Pharma and investors take note
The pharmaceutical industry is taking note of the potential of lncRNAs. Eli Lilly recently announced a $1 billion, multi-year agreement with Swiss dark genome specialists, HAYA Therapeutics, to discover novel targets for obesity and related metabolic conditions. HAYA Therapeutics has also just raised $65 million Series A funding to deliver precision RNA-guided medicines for chronic and age-related diseases. They will use the funds to focus on their lead lncRNA-targeting candidate HTX-001 in heart failure and to expand their RNA-guided regulatory genome pipeline development engine.
Bayer and Boston-based NextRNA Therapeutics also announced a collaboration of over $500 million to develop small molecules targeting lncRNAs in oncology. NextRNA focuses on small molecules that disrupt the interaction between lncRNAs and RNA-binding proteins to inhibit lncRNA function.
A bright future for the dark genome
In Belgium, Leuven-based Flamingo Therapeutics won a research grant of €1.7 million in 2023 from Flanders Innovation & Entrepreneurship (VLAIO) to advance its RNA-targeting oncology portfolio, such as its antisense oligonucleotide danvatirsen, which selectively targets the protein-coding mRNA of STAT3. The candidate has shown clinical activity in two phase II clinical studies for head and neck squamous cell carcinoma and is one of the most clinically advanced antisense oligonucleotide pipelines of its kind.
Flamingo will also use the funds to support preclinical research on its program targeting the lncRNA, MALAT-1, with its antisense oligonucleotide development candidate, FLM-7523. MALAT-1 is highly expressed in multiple cancer types, such as metastatic breast cancer, and is associated with disease progression in patients, making it a promising target. The candidate is advancing towards phase I clinical trials in solid tumors.

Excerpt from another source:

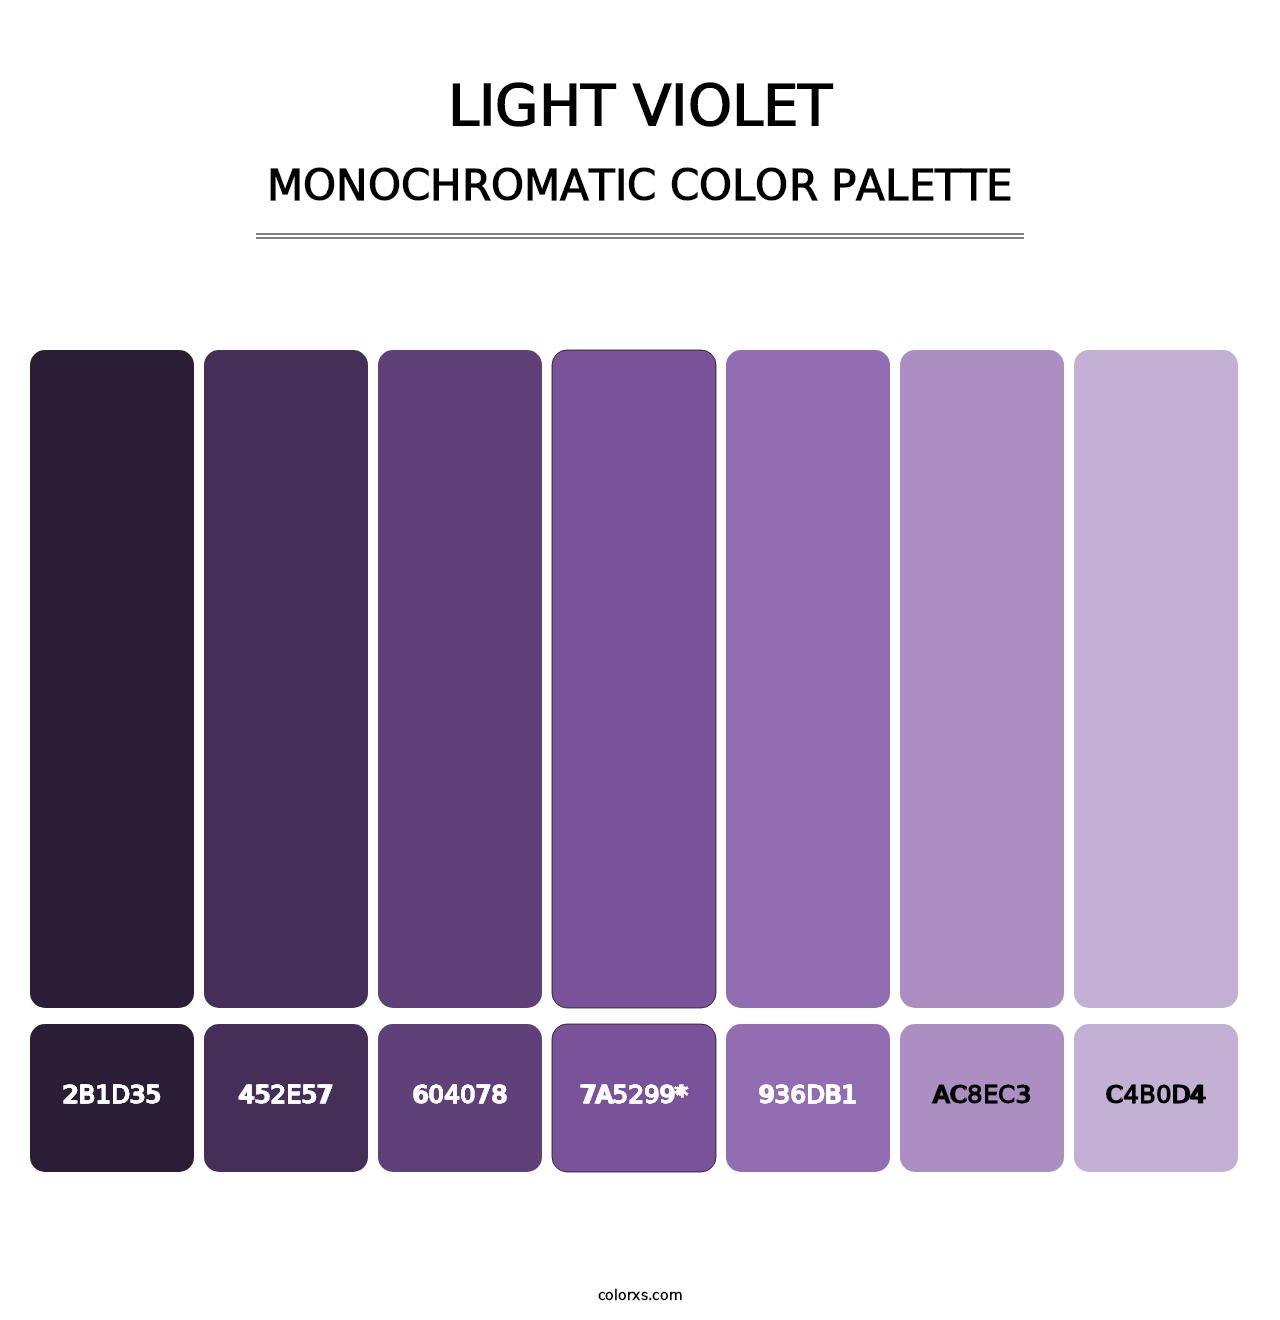 Light Violet - Monochromatic Color Palette

Flamingo Therapeutics was spun out from a collaboration between VIB, UGent, and KU Leuven in Flanders and the University of Michigan in the US. It counts the researchers who discovered the role of SAMMSON lncRNA in melanoma as key collaborators, alongside US giants, Ionis Pharmaceuticals, who licensed precursors to danvatirsen and FLM-7523 to Flamingo Therapeutics in 2021. In 2023, the company merged with antisense oligonucleotide-focused Dynacure, which bolstered Flamingo’s development pipeline and enabled phase II clinical trials.
The future seems bright for therapeutics targeting the dark genome.